> [Exercise aim] Reproduce precisely the lines of the listing below, starting with the line that contains "Pumpkin Pecan whipped sugar soap" and stopping after the line that contains "Ladies Handbags Clearance - Bing - Shopping"; include nothing else.

> [Task data]
*-*-*

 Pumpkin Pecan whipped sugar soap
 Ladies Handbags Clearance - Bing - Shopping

*-*-*

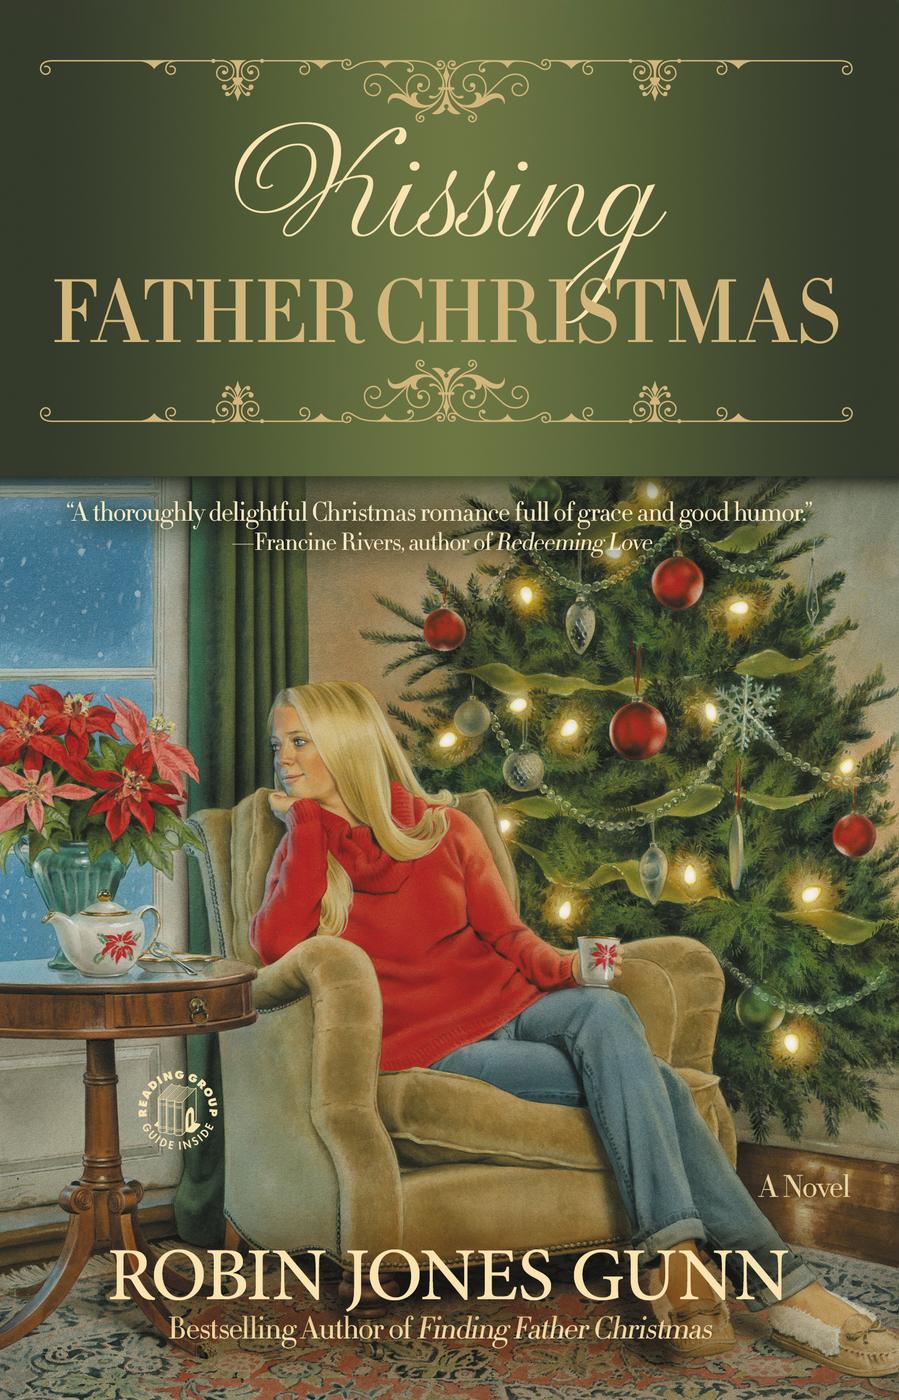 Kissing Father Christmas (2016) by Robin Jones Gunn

*-*-*

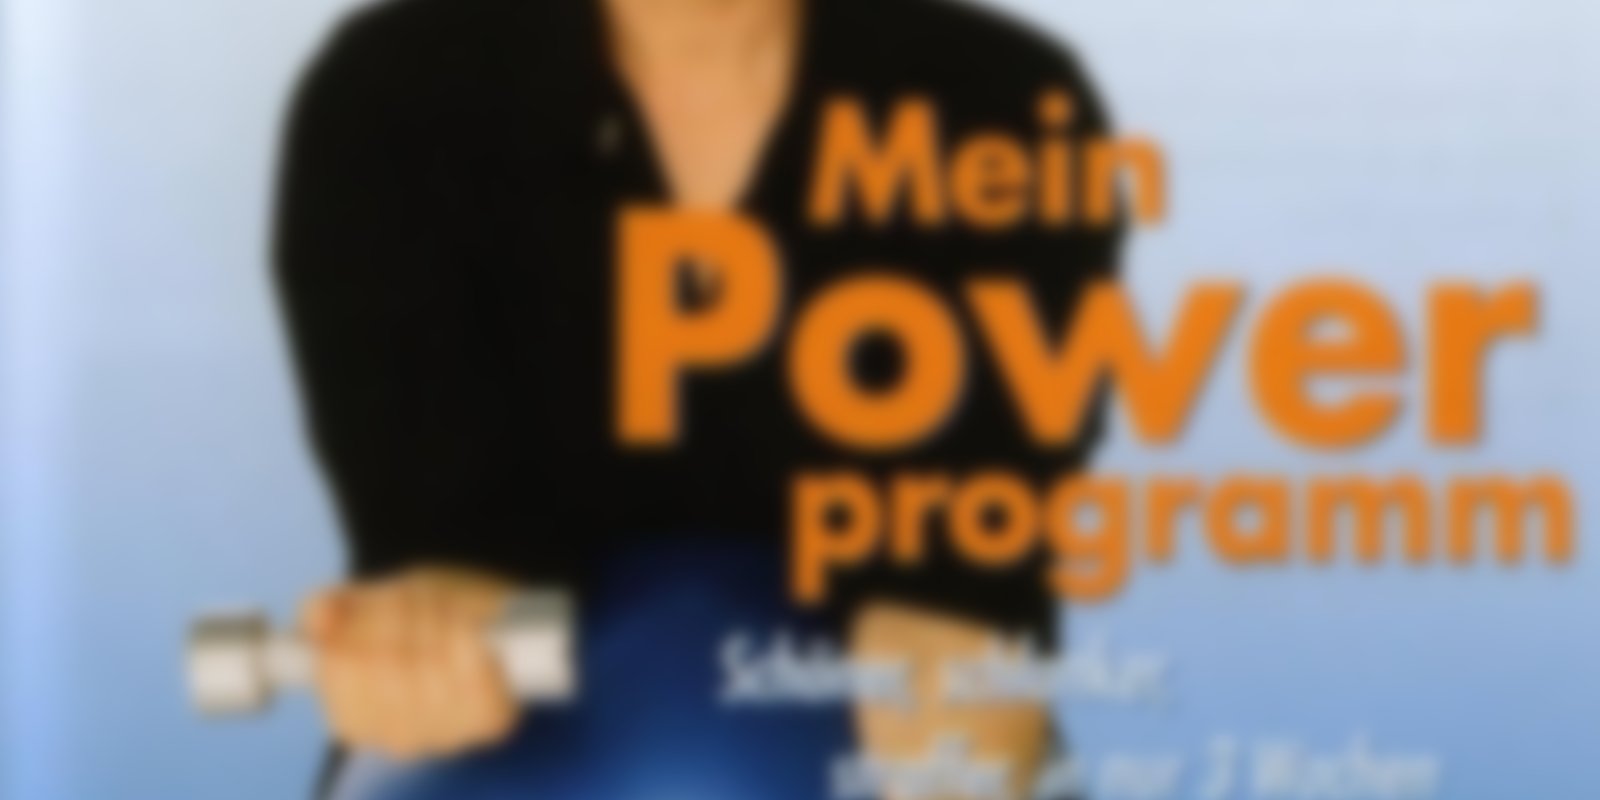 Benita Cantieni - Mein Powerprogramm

*-*-*

> [Result of the exercise]
 Pumpkin Pecan whipped sugar soap
 Ladies Handbags Clearance - Bing - Shopping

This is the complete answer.